• **What is being asked**:
Return exactly the span of lines in the following data that opens with the line containing "A flowers at" and closes with the line containing "Sách - The Jolly". Include nothing else.

• **Data for processing**:

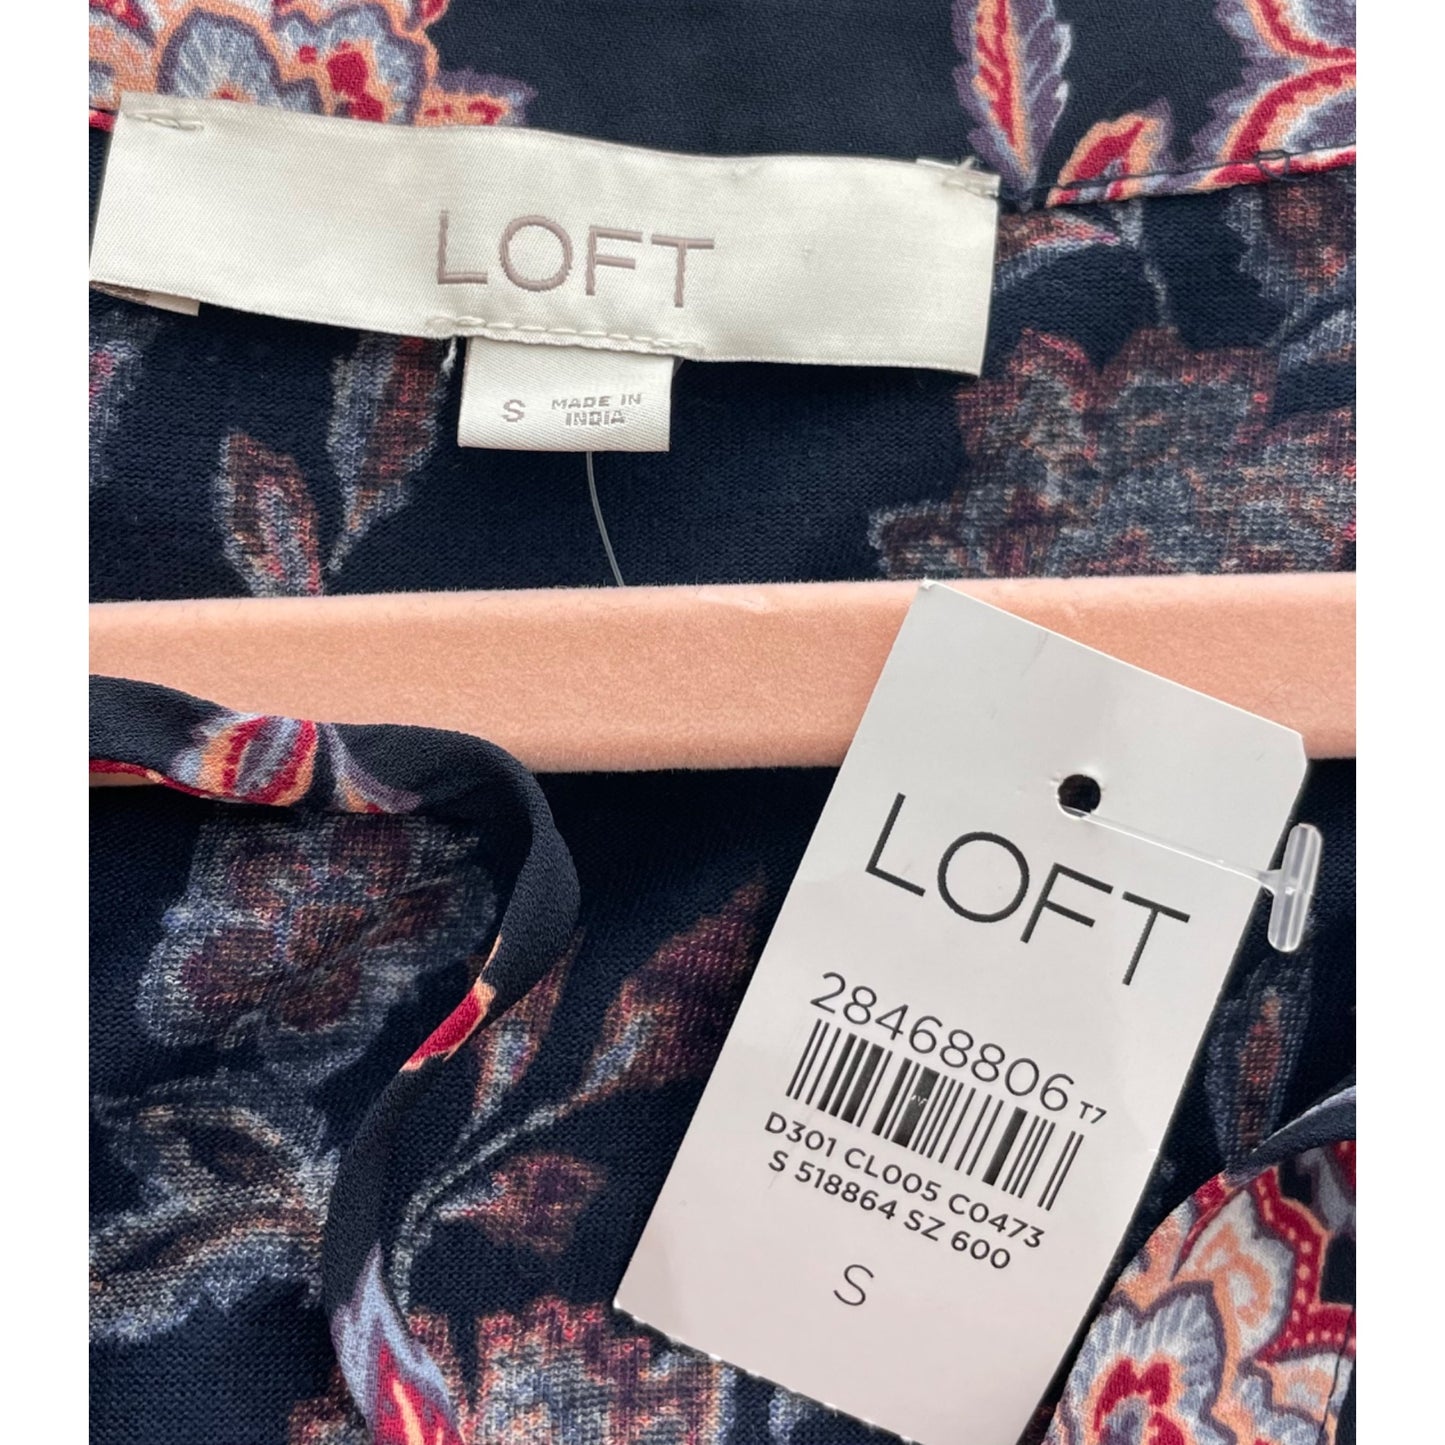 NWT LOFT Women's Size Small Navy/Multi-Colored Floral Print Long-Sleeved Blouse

---

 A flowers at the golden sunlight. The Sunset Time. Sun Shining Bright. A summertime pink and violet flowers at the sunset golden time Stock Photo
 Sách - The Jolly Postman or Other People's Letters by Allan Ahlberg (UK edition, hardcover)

• **Written answer**:
 A flowers at the golden sunlight. The Sunset Time. Sun Shining Bright. A summertime pink and violet flowers at the sunset golden time Stock Photo
 Sách - The Jolly Postman or Other People's Letters by Allan Ahlberg (UK edition, hardcover)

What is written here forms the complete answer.